Steedman’s ‘critique’ of the isoquant

Ian Steedman from Manchester Metropolitan University was in Graz this week. Yesterday he gave a paper in our research seminar. I couldn’t find the paper he presented online, but he published a shorter version of it here.

Prof. Steedman is a well-known figure in Sraffian economics, a school of economic thought initiated by Piero Sraffa’s 1960 book on production theory. (Sraffians are also known as Neo-Ricardians for reasons that need not concern us here.) The primary research agenda of Sraffians is to show that the simple neoclassical models which dominate modern textbooks are fundamentally flawed. Steedman’s presentation is a fairly typical specimen of that research program. I have long been looking for an excuse to write about Sraffians. Here it is.

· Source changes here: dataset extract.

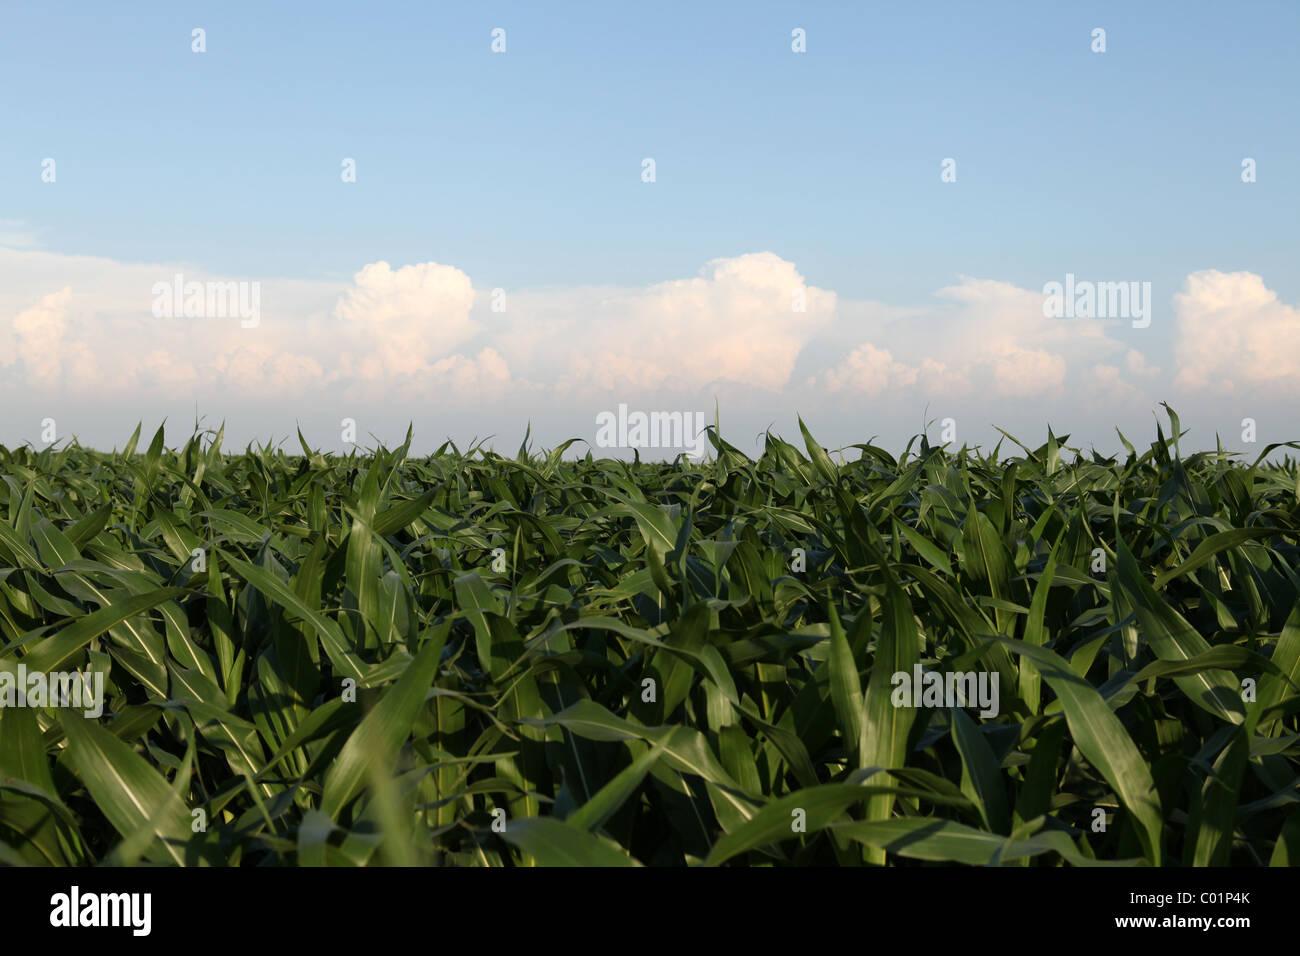 Dessus des tiges de maïs sur journée d'été en Iowa champ avec des nuages dans le ciel. Photo Stock

The paper deals with the capital-labor isoquant in the consumer good sector in the context of simple multi-sector production models. Steedman shows that “simple models of production […] can give rise to ‘capital-labor isoquants’ in the consumer good sector that are utterly unlike those so often presented in the textbooks […].” They can slope up, bend backwards, run in circles, or else behave in almost any imaginable way. He concludes: “There really is no excuse for blithely assuming that [the isoquant is downward sloping and convex to the origin].”

What should we make of such an argument?

First, the negative slope of isoquants in neoclassical models is not an assumption, it’s a result. Take any production function F(K,L) that monotonically increases in K and L. Holding output constant K falls as you increase L and vice versa. There is no logical flaw in this theorem. Neither is there a flaw in another theorem: If F(K,L) is concave in K and L, the isoquant is convex to the origin.

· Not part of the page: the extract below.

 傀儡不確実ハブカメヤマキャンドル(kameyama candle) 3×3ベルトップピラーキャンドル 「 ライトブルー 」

Why, then, does Steedman get those weird-looking isoquants? The answer is pretty simple: What he calls isoquants has nothing to do with the homonymous curves in our beloved textbooks. They are quite different beasts.

A textbook isoquant is a purely technical relationship between physical inputs. It shows how producers can trade off one physical input against another. It’s a technical constraint in the firm’s cost minimization problem. A Steedman ‘isoquant’ is a relationship between the market value of capital goods (what Steedman calls K) and the quantity of labor (what he calls β) employed in a given sector. It shows how K varies with β as the relative cost of those inputs change. It’s an outcome of the firm’s cost minimization problem.

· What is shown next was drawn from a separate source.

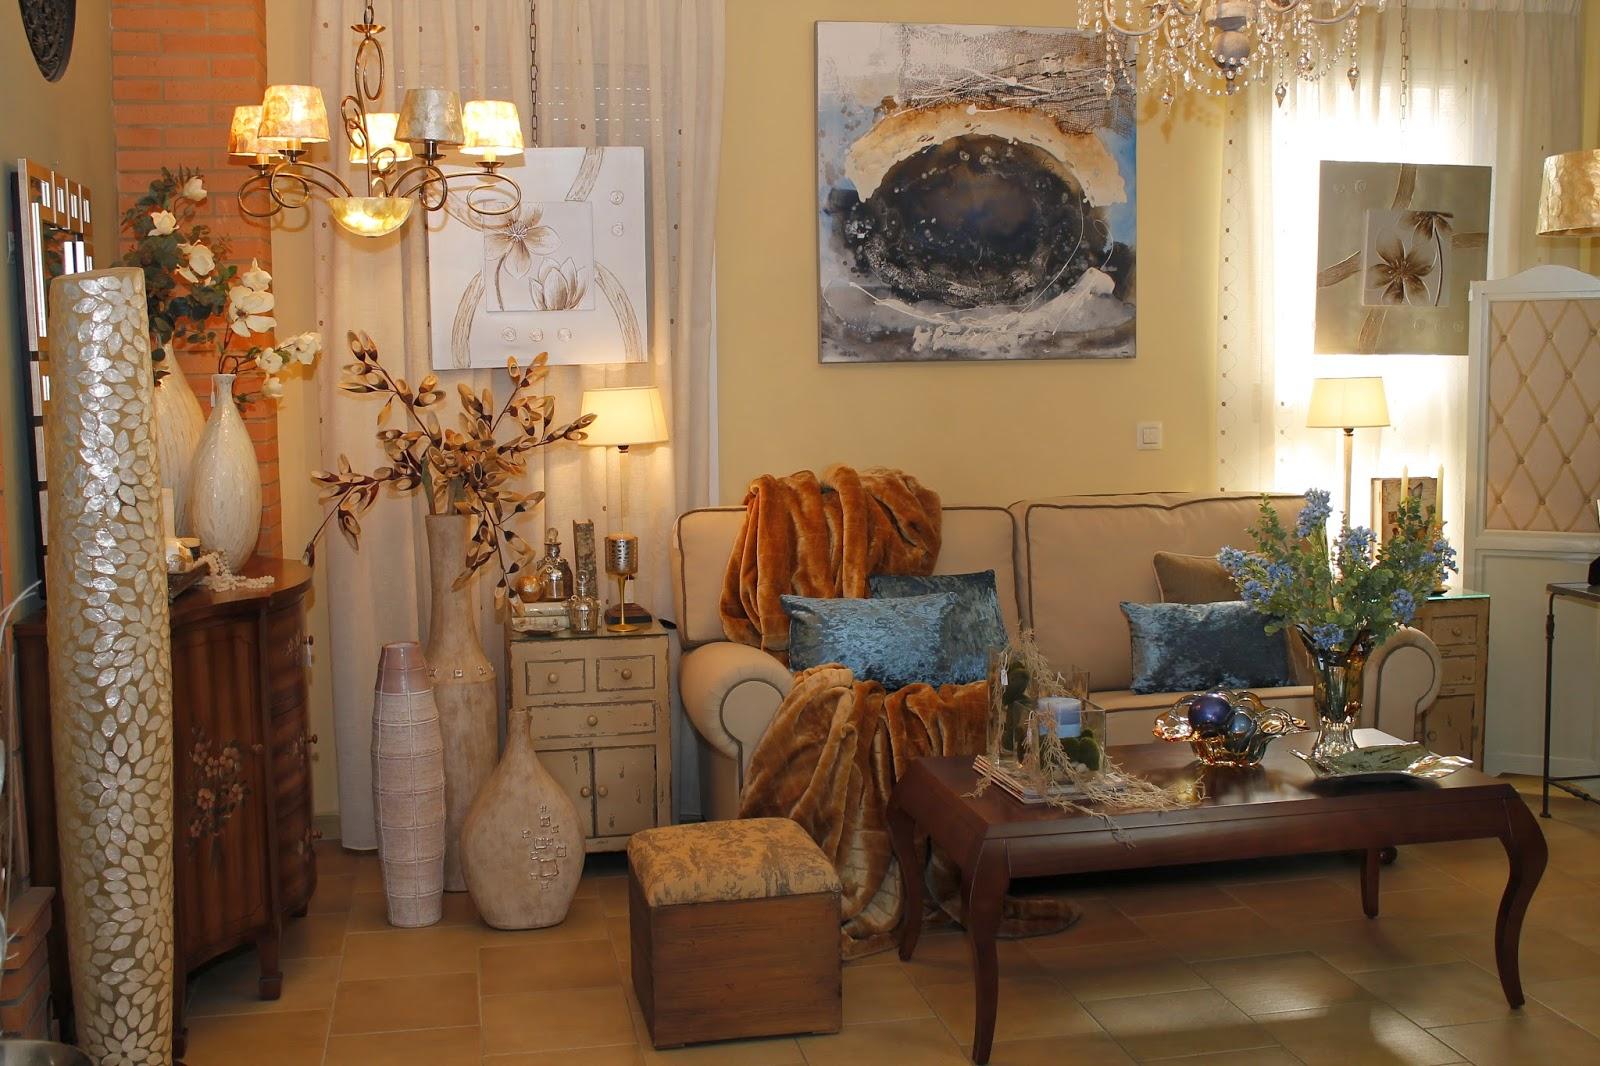 Primavera verano 2014 muebles y decoraci n - Decoracion para jarrones ...

The strategy followed by Steedman’s paper is, as I said in the beginning, typical of the general strategy of Sraffian economics: Write down a model that is completely different from textbook models. Introduce a variable whose label is known from textbooks (‘capital’, ‘isoquant’, etc.). Show that the variable does not behave in your model as it does in the textbook model. Claim that this proves the textbook model is utterly wrong.

Imagine a schoolboy who calculates 1+2=3. Then Prof. Steedman comes along saying: “My dear boy, your 1 is really a 2, and 2+2=4!” At first, the schoolboy will be confused. Maybe he will stop adding 1+2 for a while. But eventually he will ignore Prof. Steedman’s lecture, realizing that there is no point arguing whether a 1 is really a 2 or not.